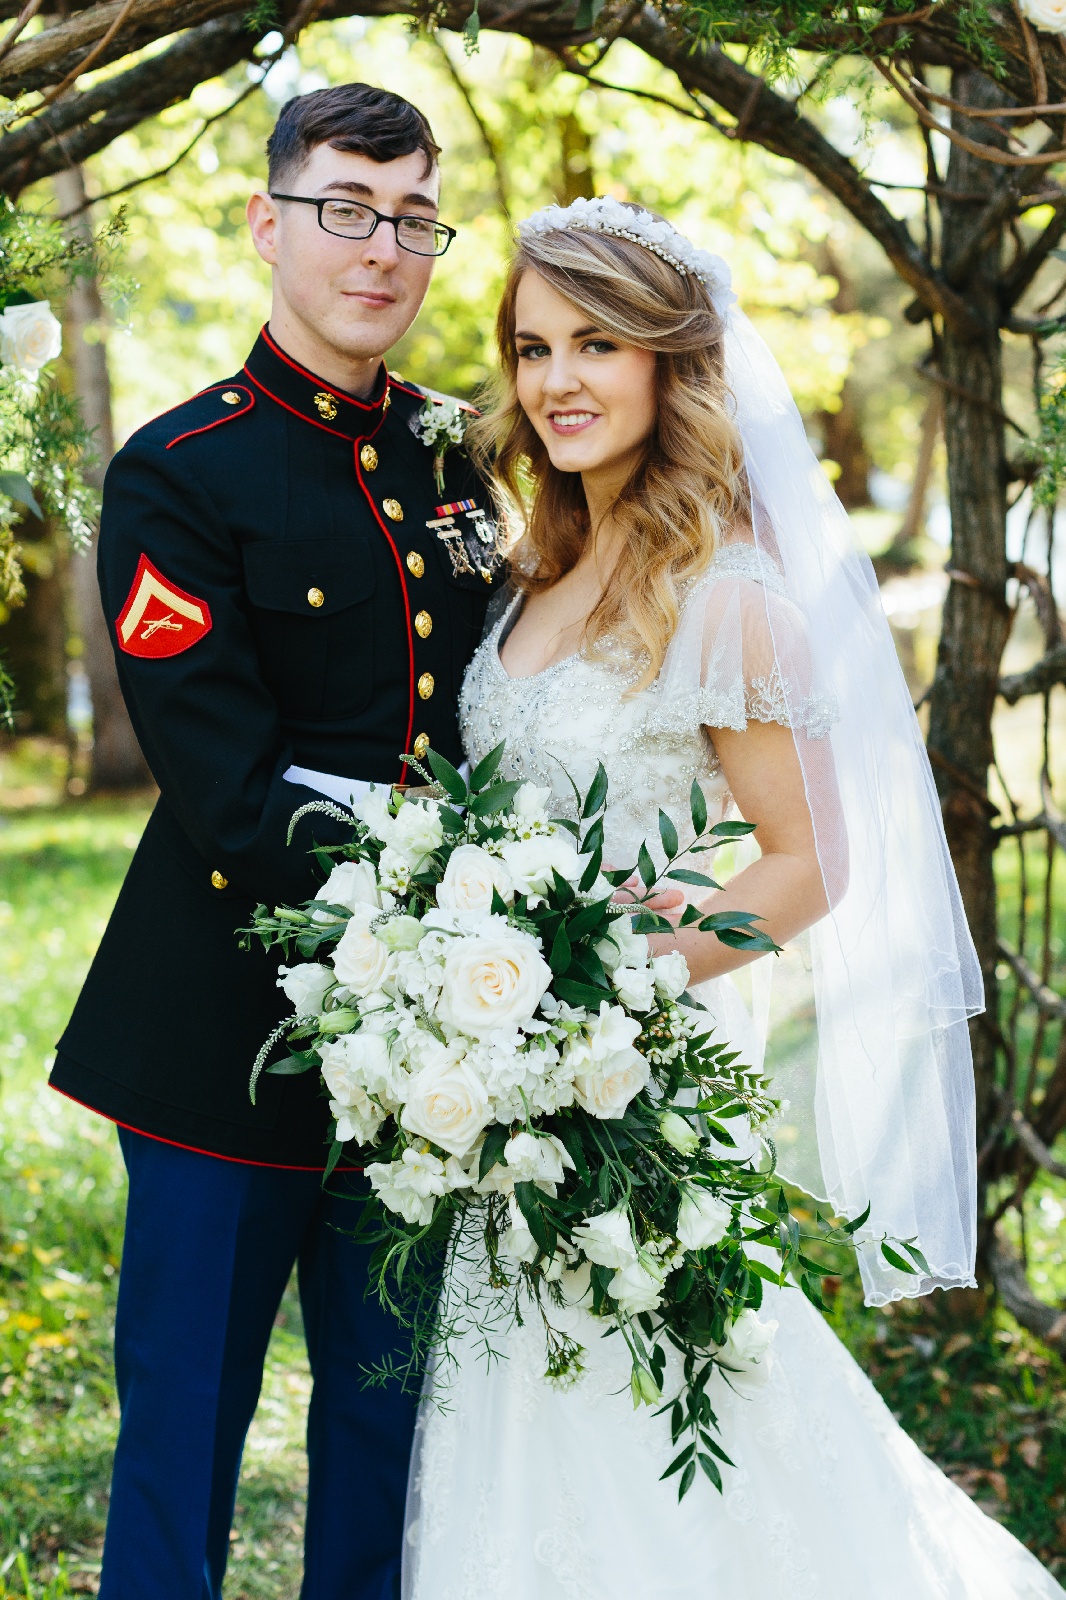 Planning Your Marine Corps Wedding?
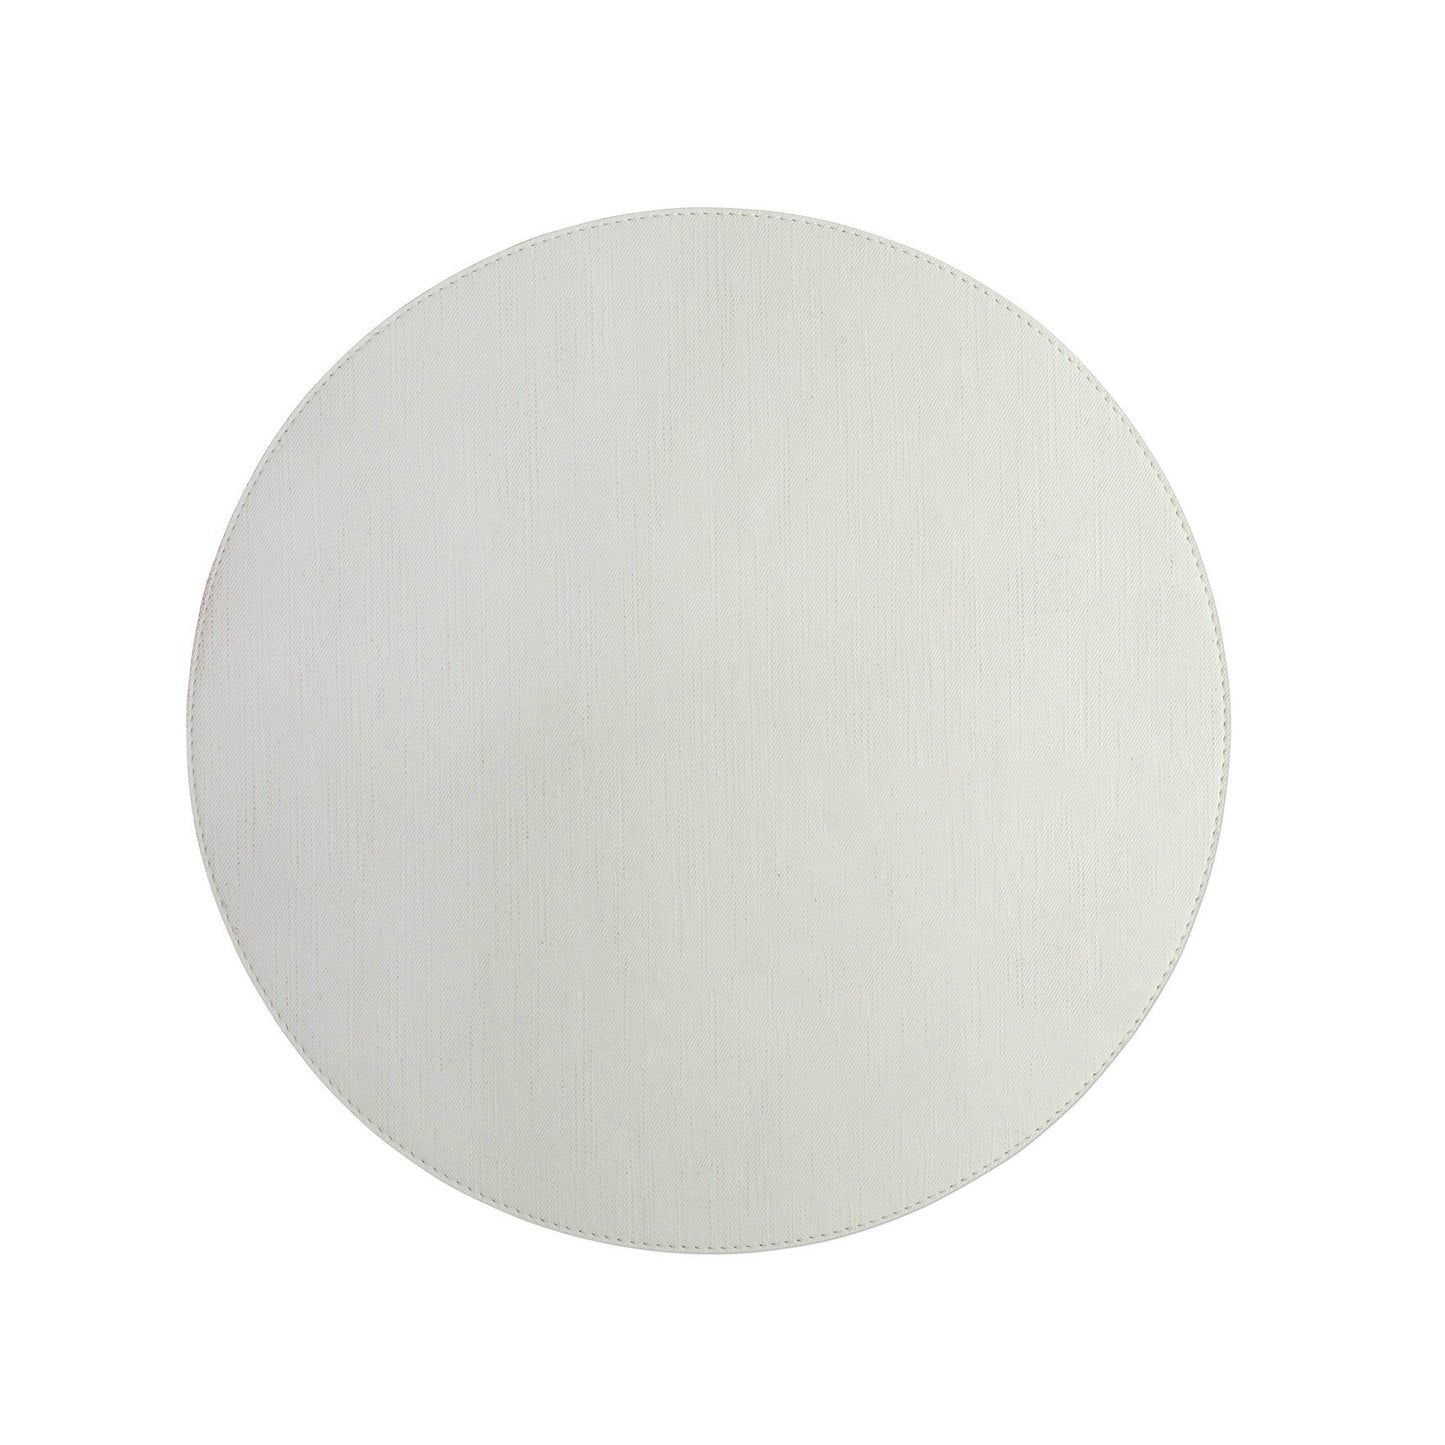 Vietri Reversible Round Placemats - Gray/White (Set of 4)
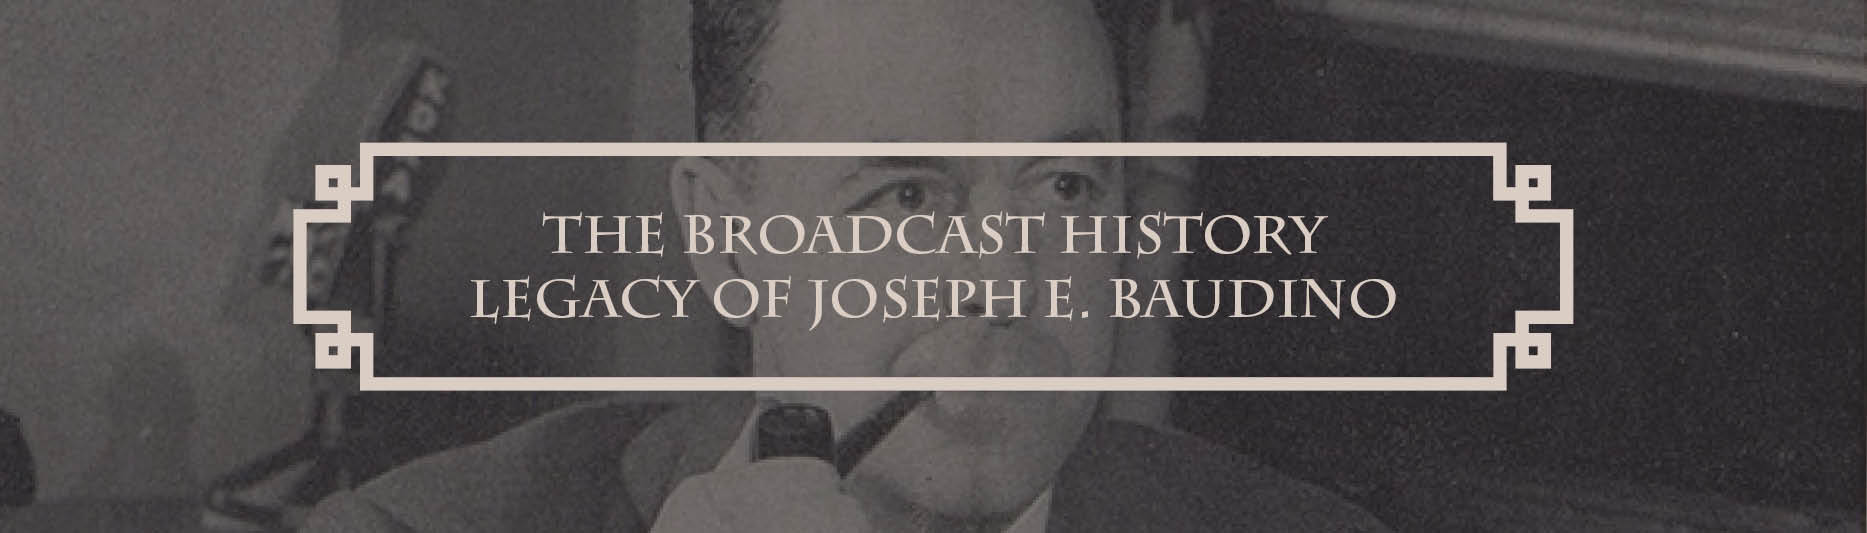 The Broadcast History Legacy of Joseph Baudino
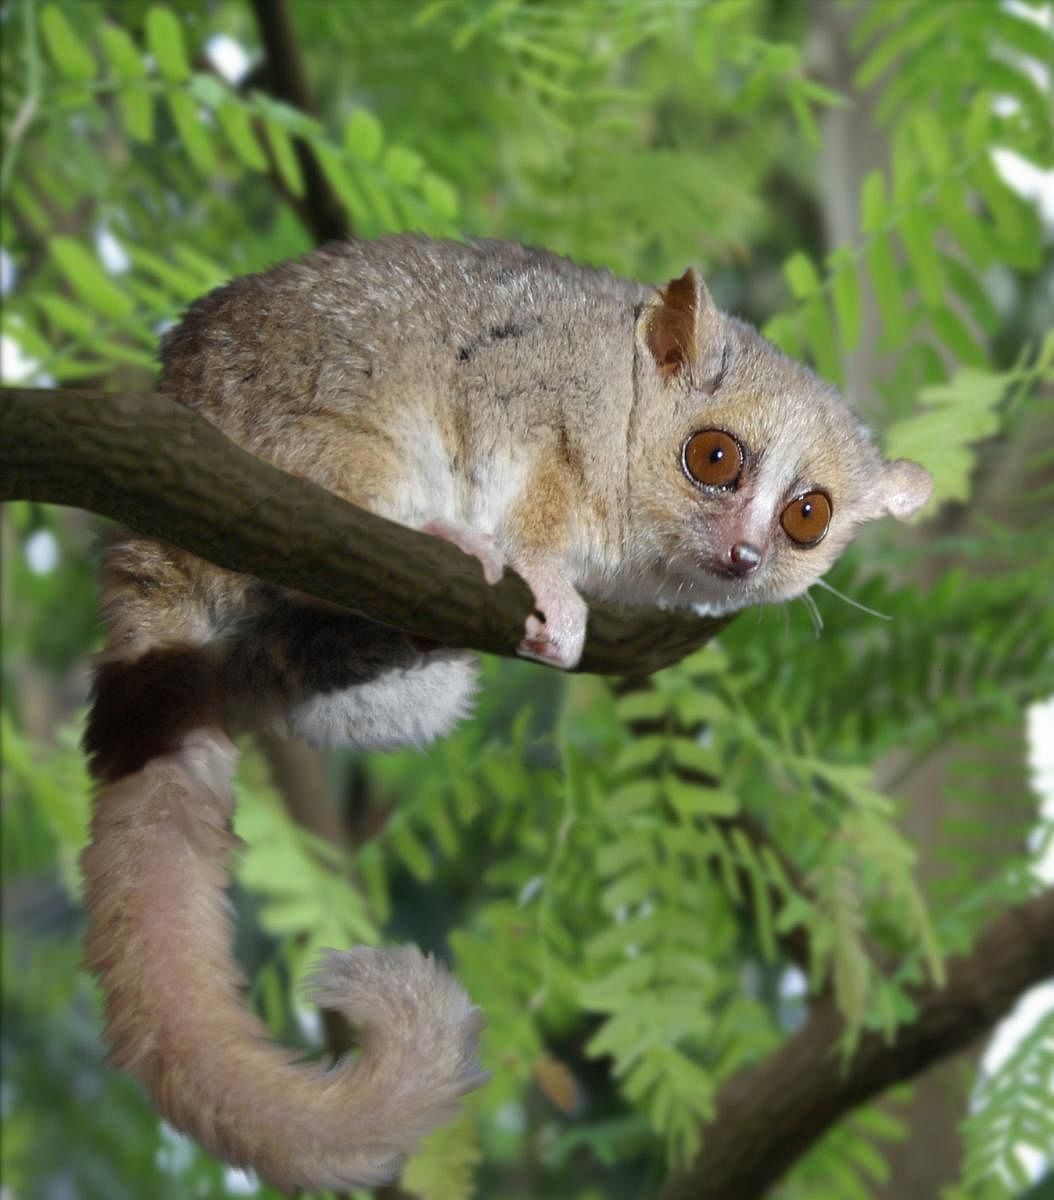 Lemur Image credit: Gabriella Skollar/Wikimedia Commons
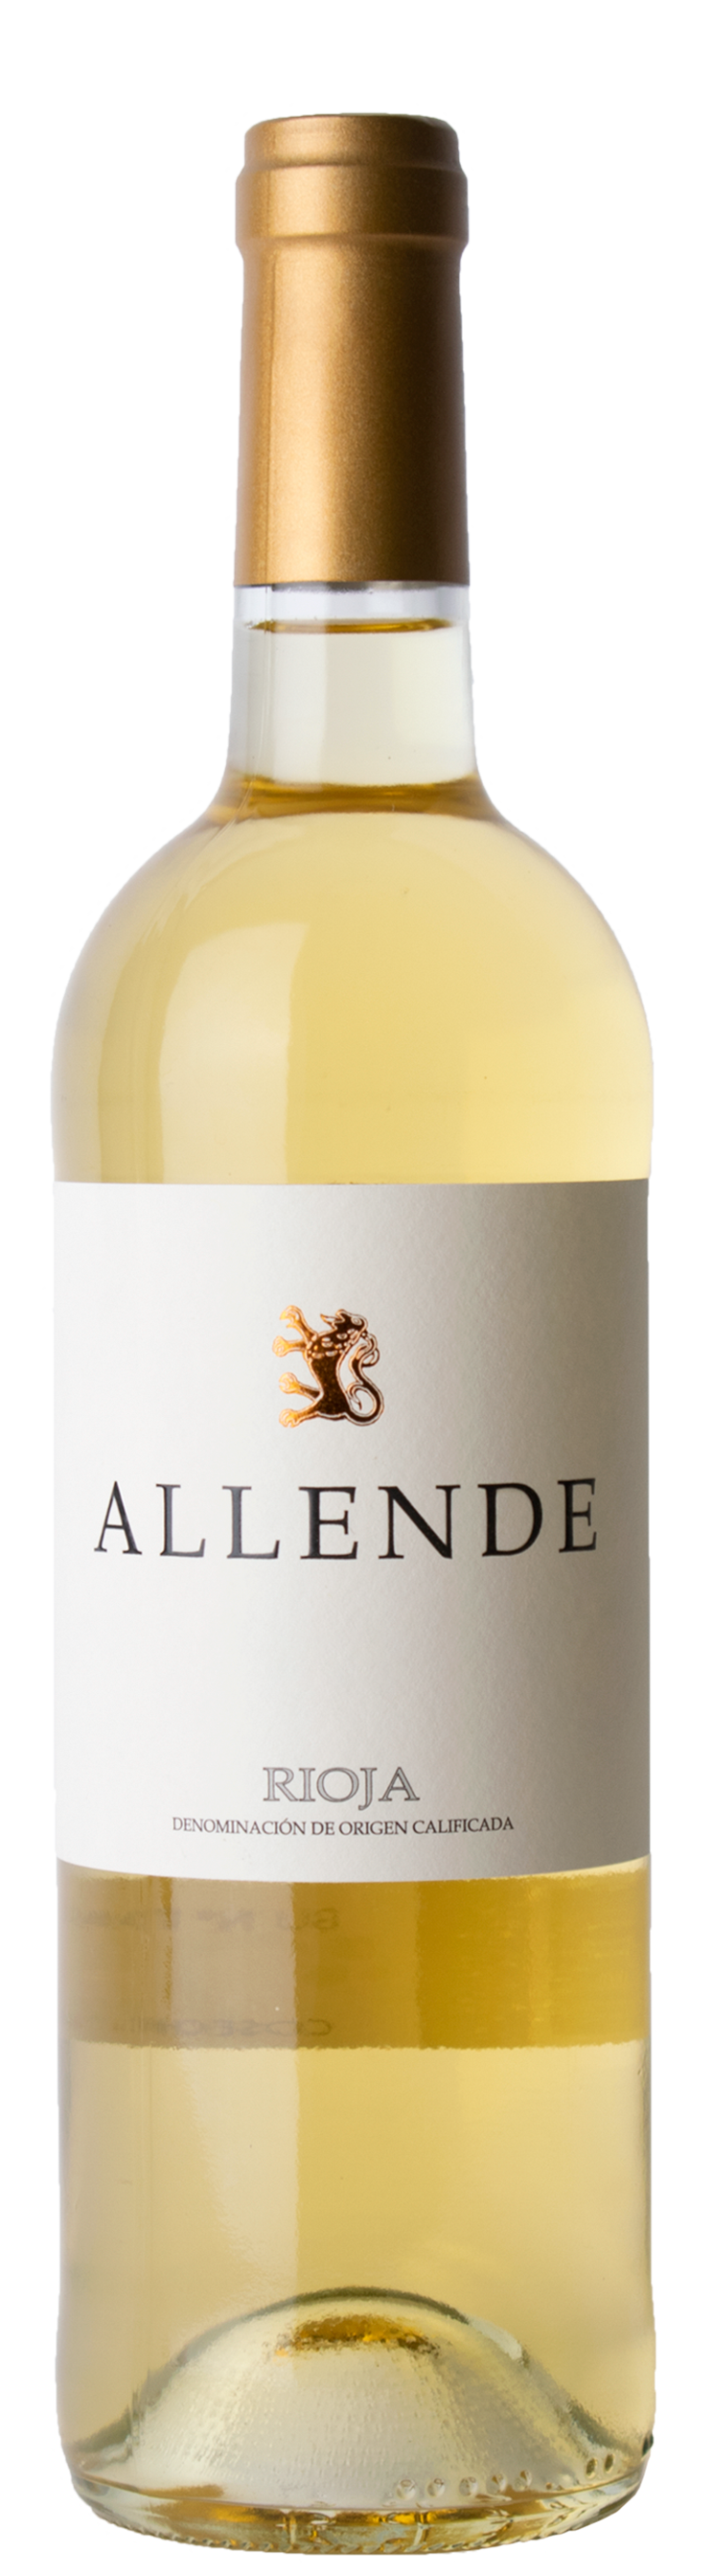 Rioja 2019 Allende Blanco

▬▬▬

Task to complete
Counting both ends, reproduce word for word the lines from the line with "The Broadcast History" to the final line of the listing above, skipping every picture.

Task solution
 The Broadcast History Legacy of Joseph Baudino
 Lemur Image credit: Gabriella Skollar/Wikimedia Commons
 Rioja 2019 Allende Blanco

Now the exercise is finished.